I didn’t even care about all of that JSON Schema subset. JSON Schema is… either flexible or chaotic depending on your perspective. Having started my programming life in the chaos of Perl, I now gravitate to the inflexibility (and precision) of Rust: I’d like there to be exactly one way to do a particular thing (of course, Rust has oodles of flexibility–just saying restrictiveness can be a virtue). The purpose of the SDK generator was (and is, primarily) to turn OpenAPI docs derived from Rust code into Rust SDKs. That meant that typify needed to turn schemas–whose origins were Rust types– back into Rust types. While there might be an infinity of ways to describe some particular type in JSON Schema, the schemars::JsonSchema derive macro used a consistent and narrow subset.
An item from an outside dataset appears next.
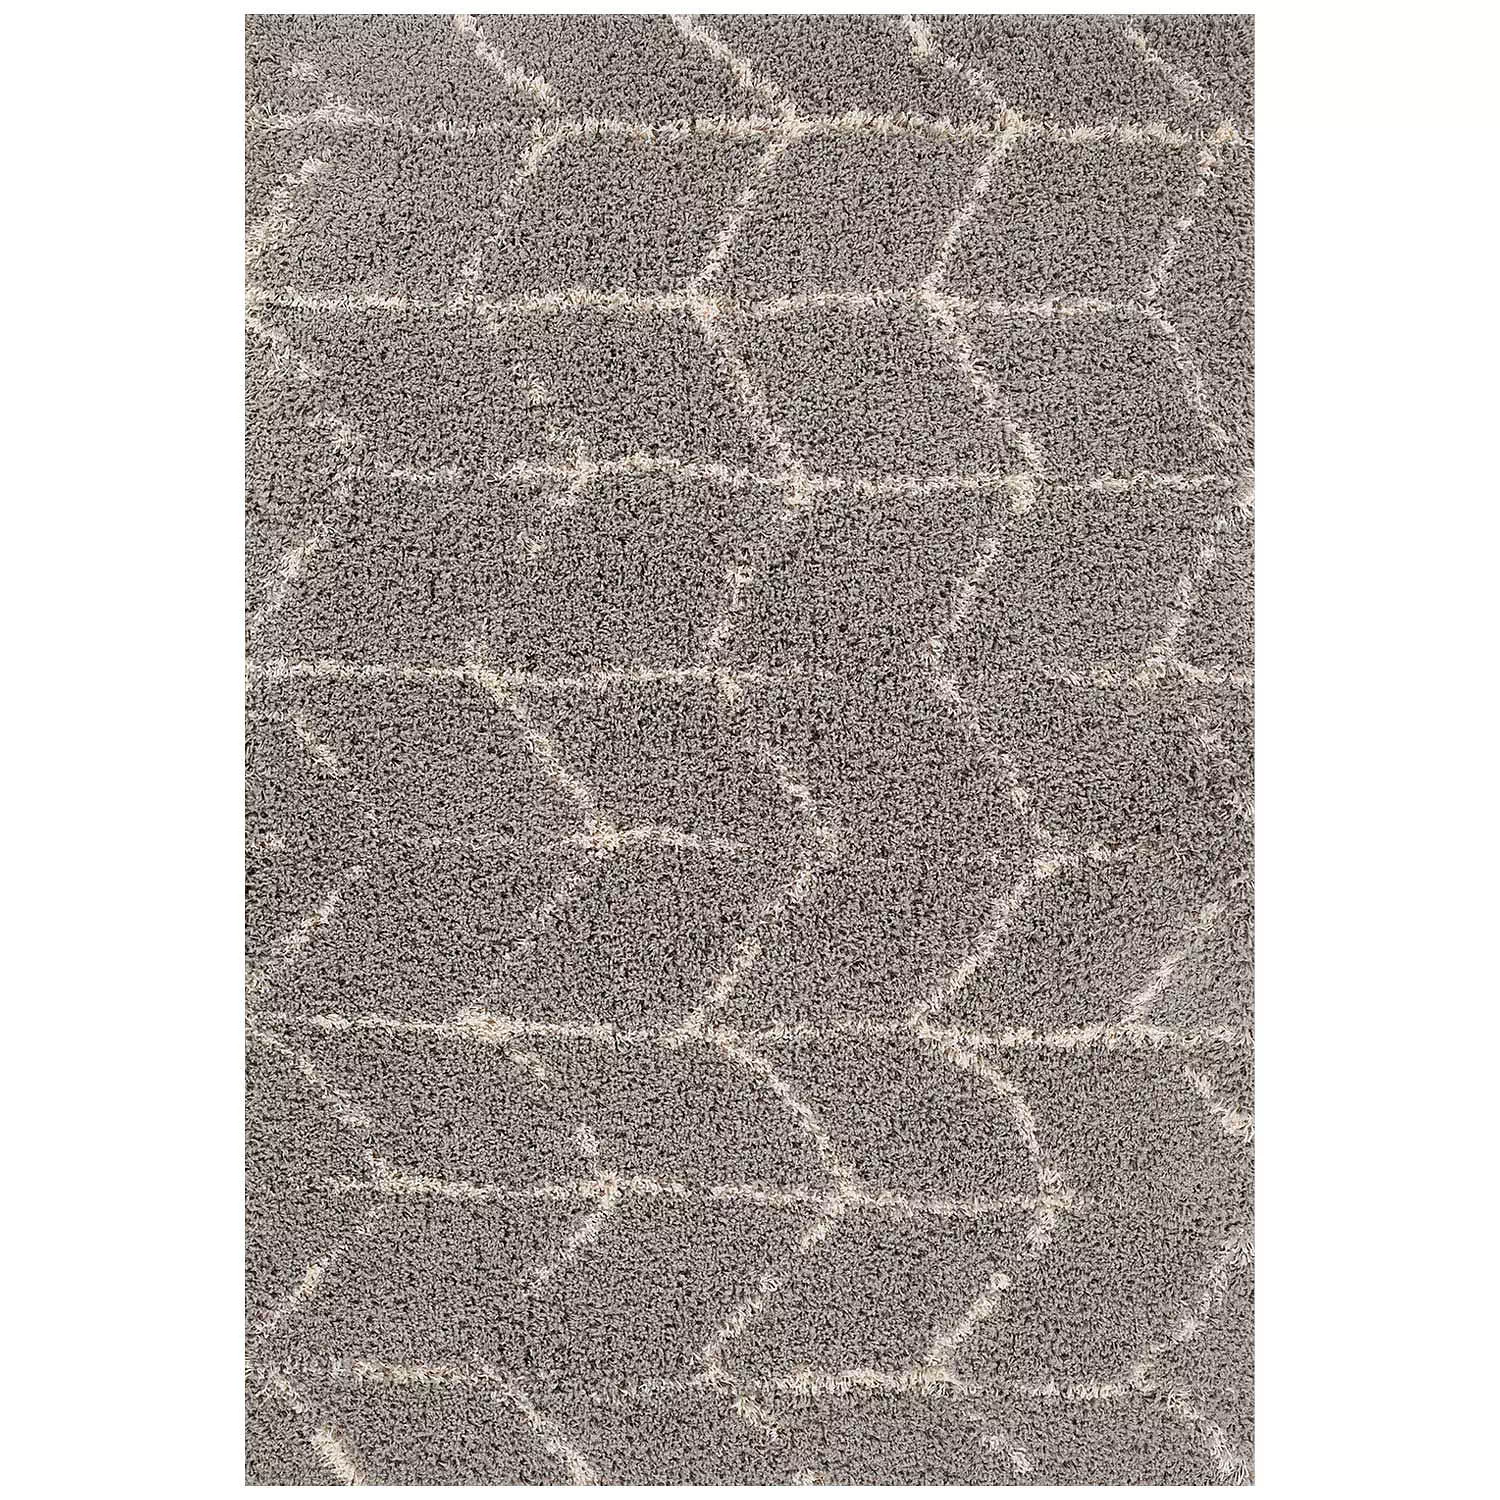 LOLA Collection, decorative area rug, grey chevron, 4'x6'

Sure JSON Schema is complicated, but I could safely ignore a big chunk of that complexity.

So much wrong

With an OpenAPI SDK generator and JSON type compiler, folks (including folks at Oxide) found other use cases for progenitor and typify. Plenty of those use cases exposed ways in which we mishandled schemas or had a flawed understanding of JSON Schema. I was proud of the utility people were getting, but also a little embarrassed by failures. Progenitor could handle OpenAPI 3.0.x; what about 3.1.x or 3.2.x, which use an incompatible JSON Schema specification? Yeah, it breaks in all kinds of ways. (Also: Hello? Semver?) The JSON Schema version that typify handles is (basically) Draft 7 (and that’s an artifact of using schemars to marshal data). On other versions (such as 2020-12 which OpenAPI 3.1+ use), typify… sometimes works, and often breaks.
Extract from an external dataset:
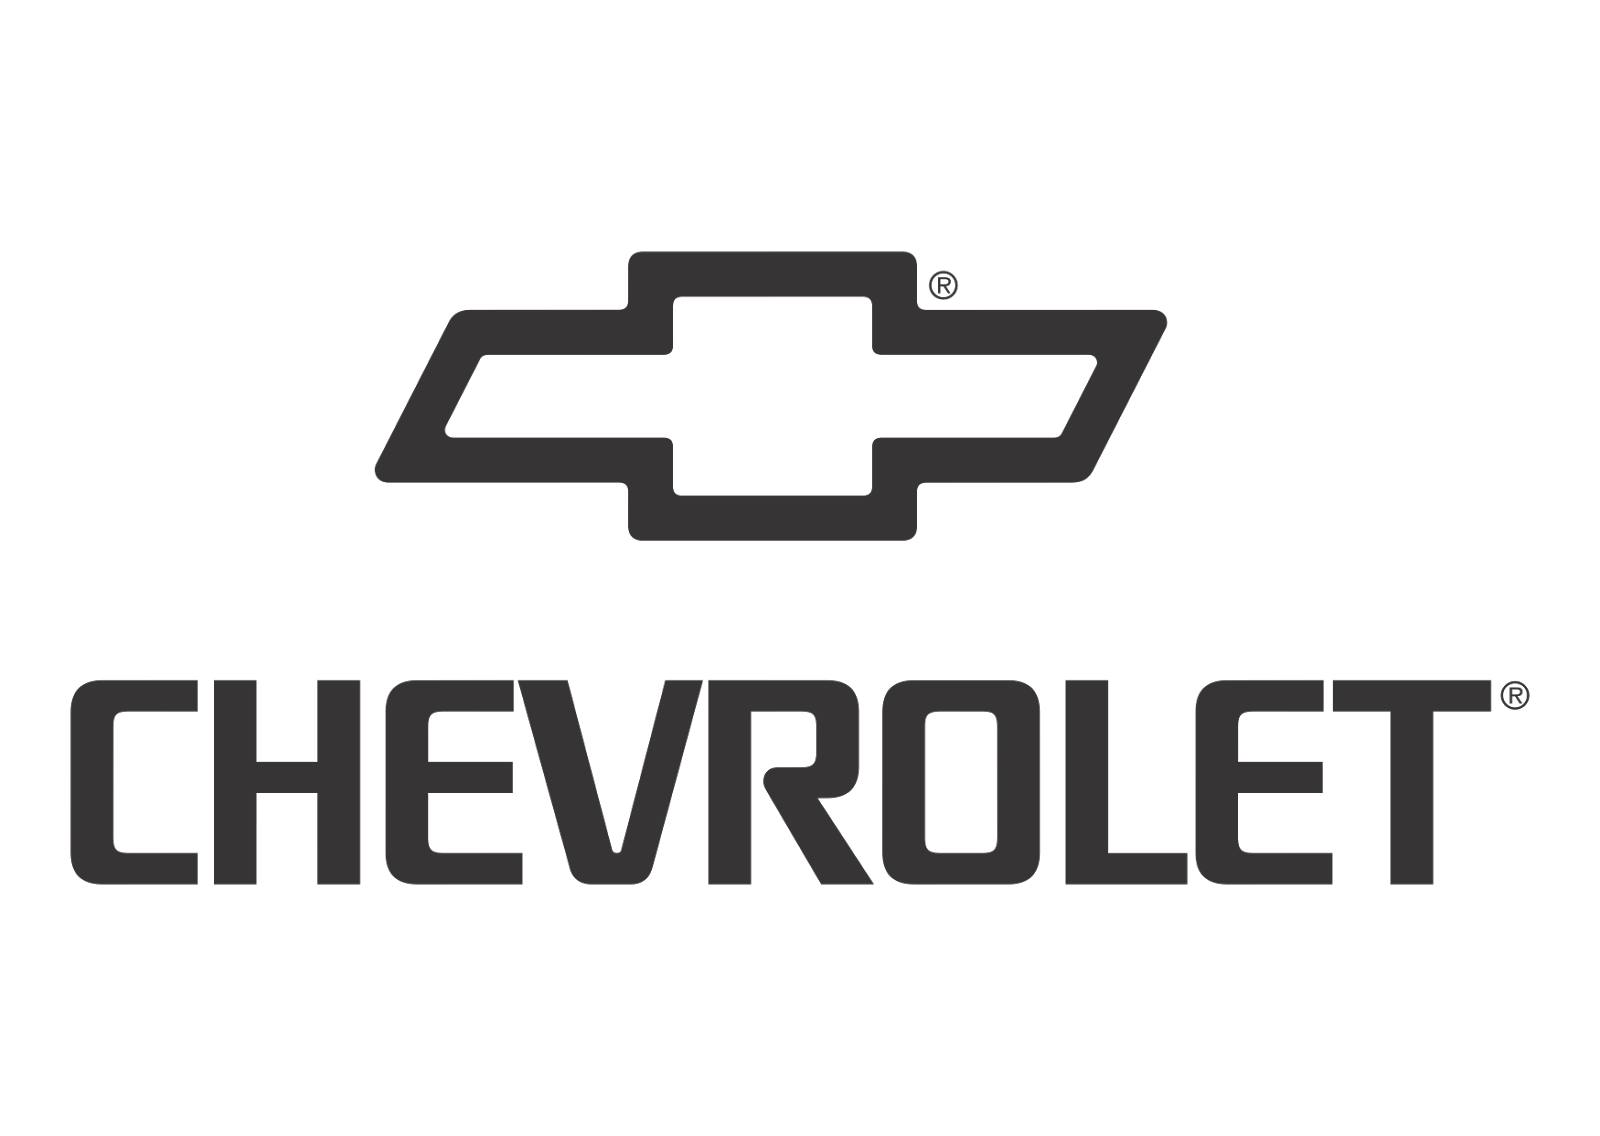 Free Black and White Vector Chevrolet Logo

For example, a Rust type like struct Foo(String, String) might be represented in Draft 7 like this:

{
  "type": "array",
  "items": [
    { "type": "string" },
    { "type": "string" }
  ],
  "minItems": 2,
  "maxItems": 2
}

In 2020-12, that becomes:

{
  "type": "array",
  "prefixItems": [
    { "type": "string" },
    { "type": "string" }
  ],
  "minItems": 2,
  "maxItems": 2
}

Before 2020-12 items could either be a single schema or an array of schemas (with additionalItems meaning “and this schema for everything past that array of items”). In 2020-12, items can only be a single schema and prefixItems enumerates the discrete array items. It’s a highly sensible, and also incompatible change (Note: also an example of how OpenAPI 3.1 isn’t backward compatible with 3.0). Typify? It just ignores prefixItems and tries its best, so you get something like:

struct Foo(pub [::serde_json::Value; 2usize]);

We see that there’s an array with exactly two items; there aren’t the enumerated items (because we don’t know about prefixItems) so we don’t generate a tuple. In fact there’s no items type at all so we just use the yolo type of serde_json::Value which lands us with [Value; 2].
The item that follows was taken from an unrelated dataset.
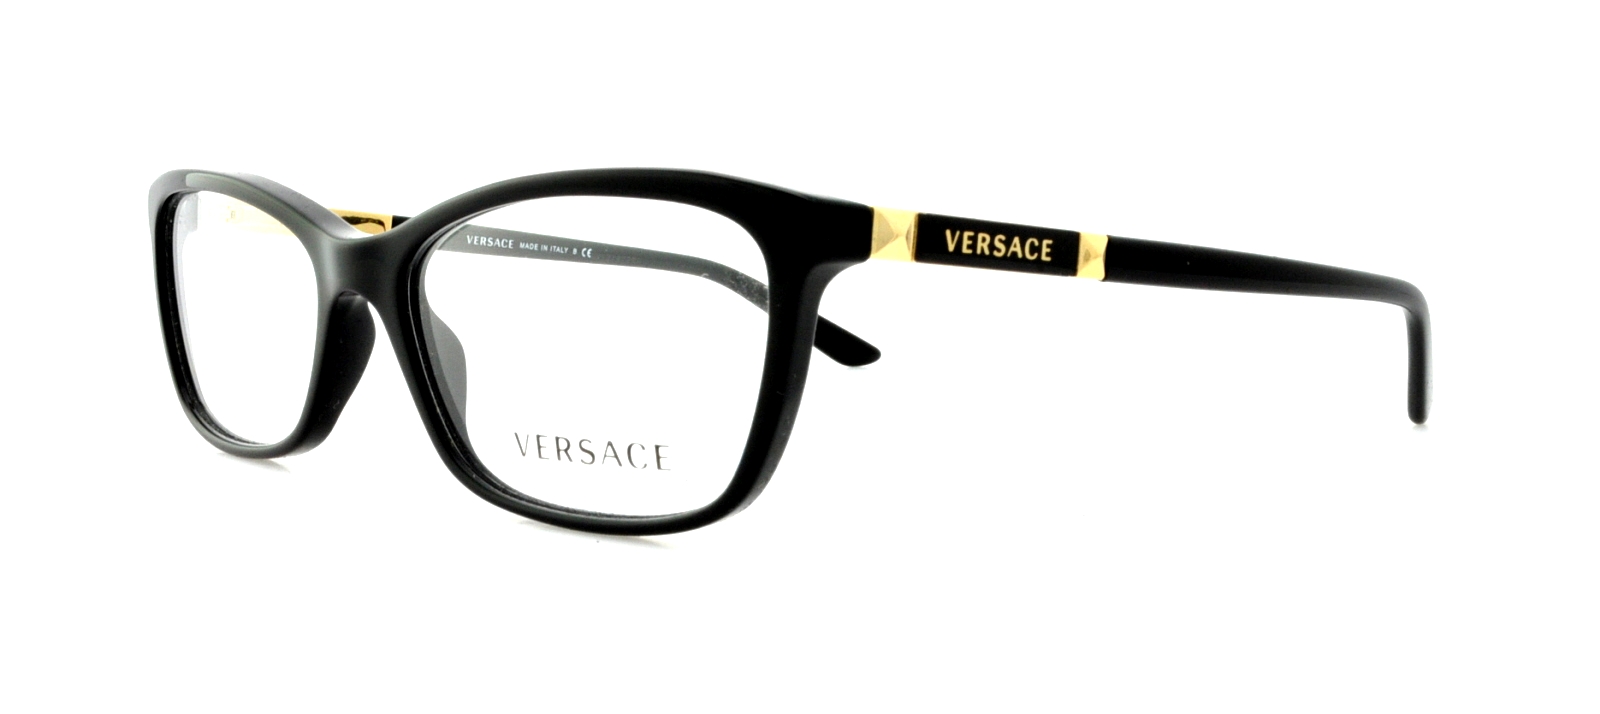 Picture of Versace Eyeglasses VE3186

There are also plenty of normal OpenAPI 3.1 / JSON Schema Draft 7 constructions that I just didn’t anticipate or didn’t understand. I already wrote about some of them, but there are others. For example, the normal place to put a type to which you refer is under $defs, but a reference can be (and sometimes is) to literally any other part of the document. It can be to other documents entirely! What happens with schemas with references like this? Mostly panics.

Structurally, there’s a lot that typify has a hard time with or handles inefficiently. It’s a compiler, sure, but it could reasonably be described as a single-pass transformer. There’s no real IR, and as a result, things get messy; complex work can be repeated many many times.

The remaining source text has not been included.